*** Opening of SUPPLIED DATA ***

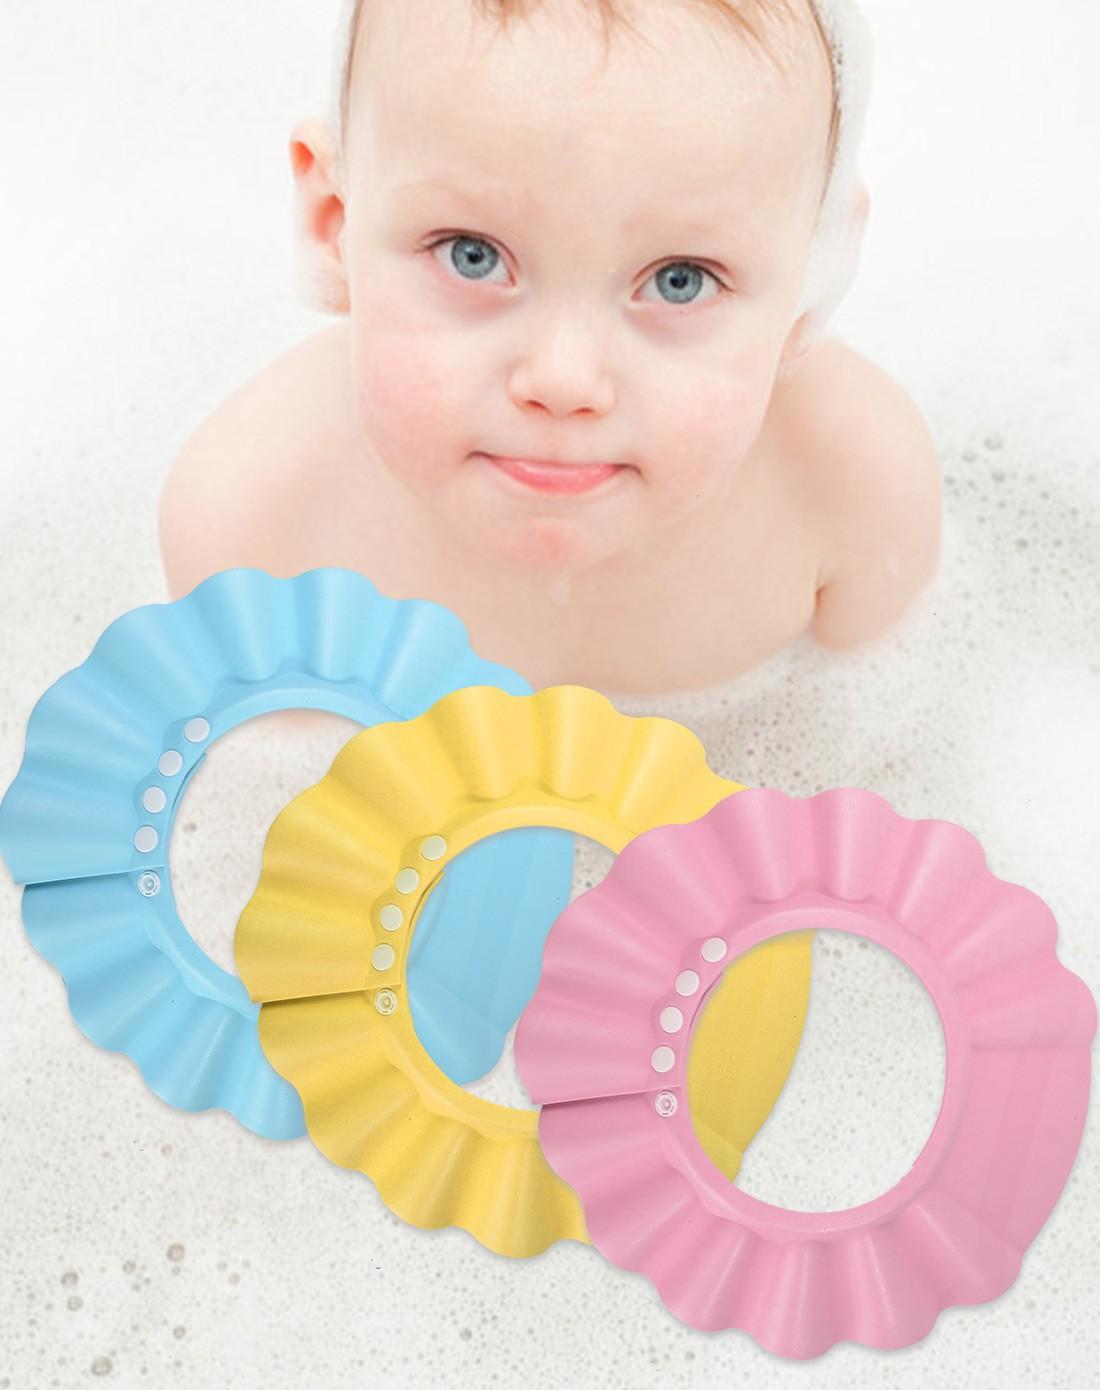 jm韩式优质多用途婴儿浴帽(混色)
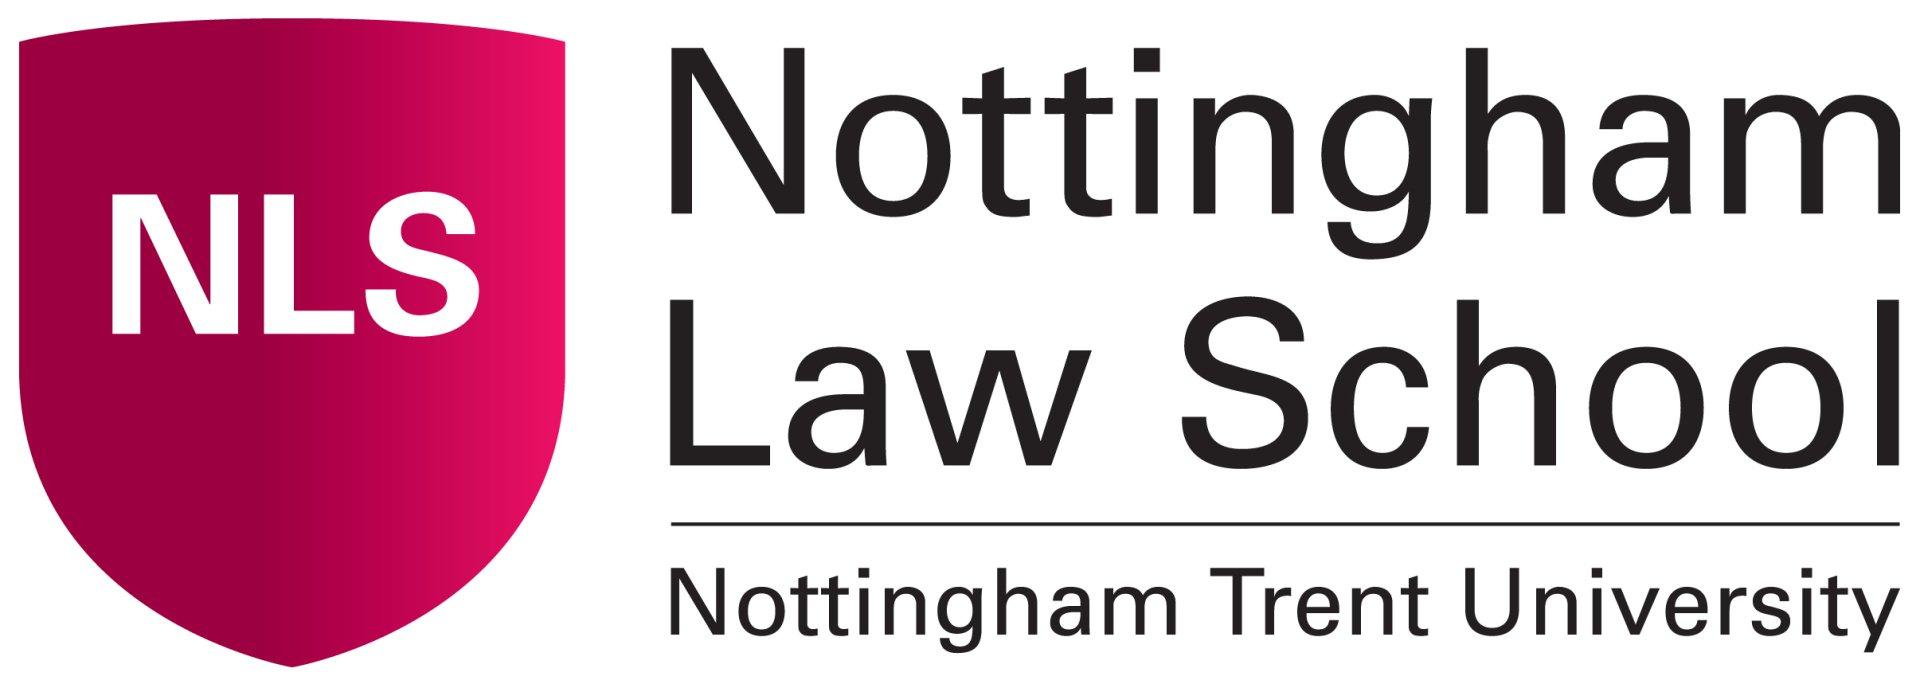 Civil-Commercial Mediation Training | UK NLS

*** Close of SUPPLIED DATA ***
*** Opening of SUPPLIED DATA ***

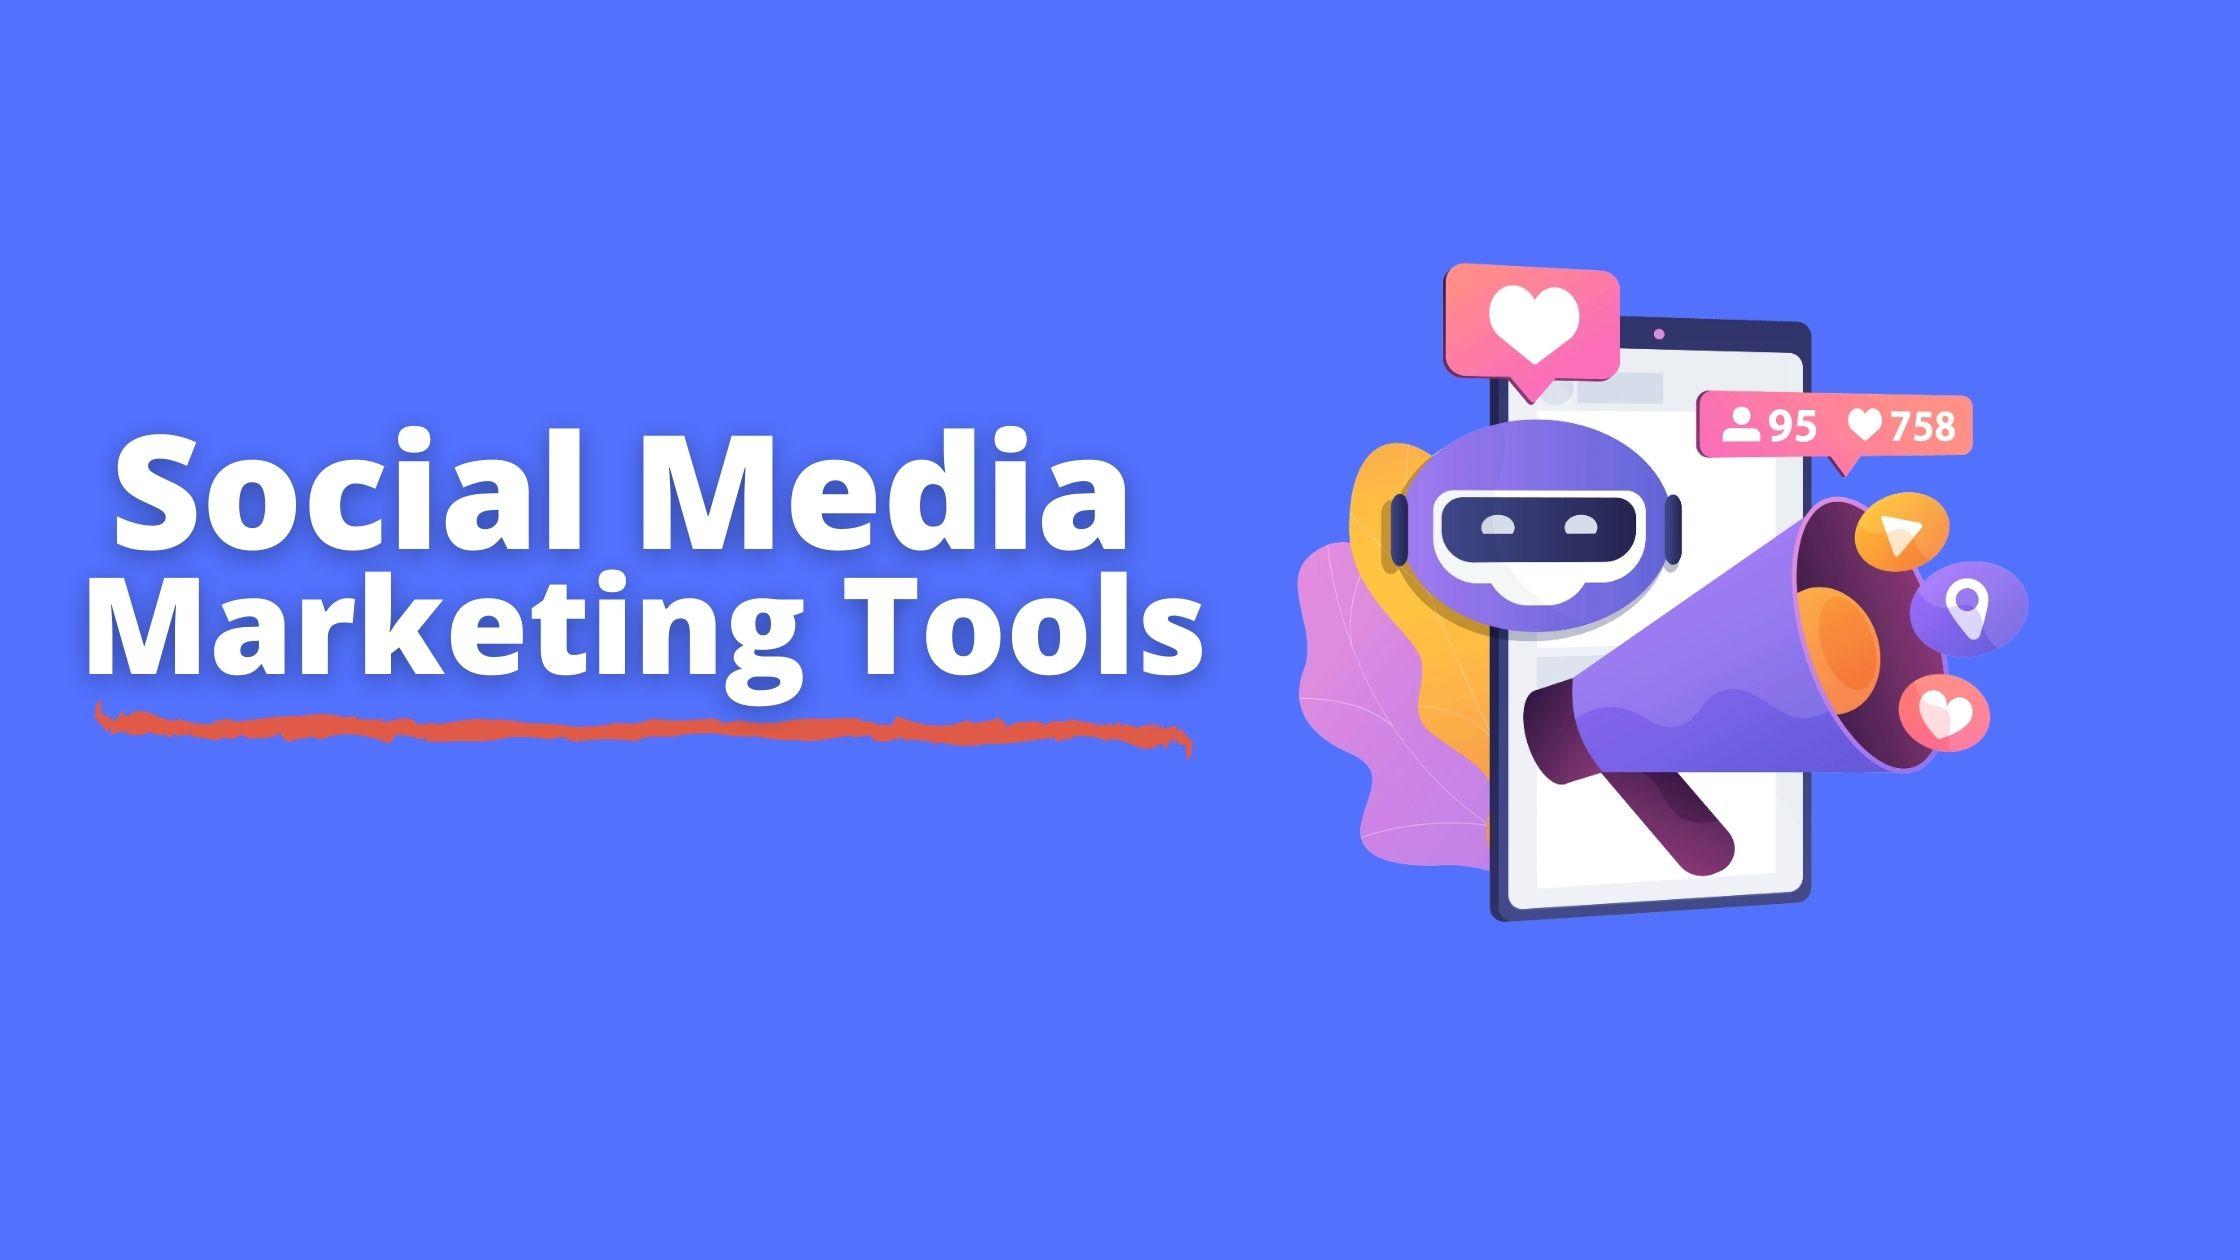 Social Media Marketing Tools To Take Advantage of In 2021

*** Close of SUPPLIED DATA ***

Because only one stretch of the records is wanted, please output the lines from the one holding "jm韩式优质多用途婴儿浴帽(混色)" through the one holding "Civil-Commercial Mediation Training | UK NLS" exactly, both included, and leave every picture out.

__RESPONSE TO THE TASK__
 jm韩式优质多用途婴儿浴帽(混色)
 Civil-Commercial Mediation Training | UK NLS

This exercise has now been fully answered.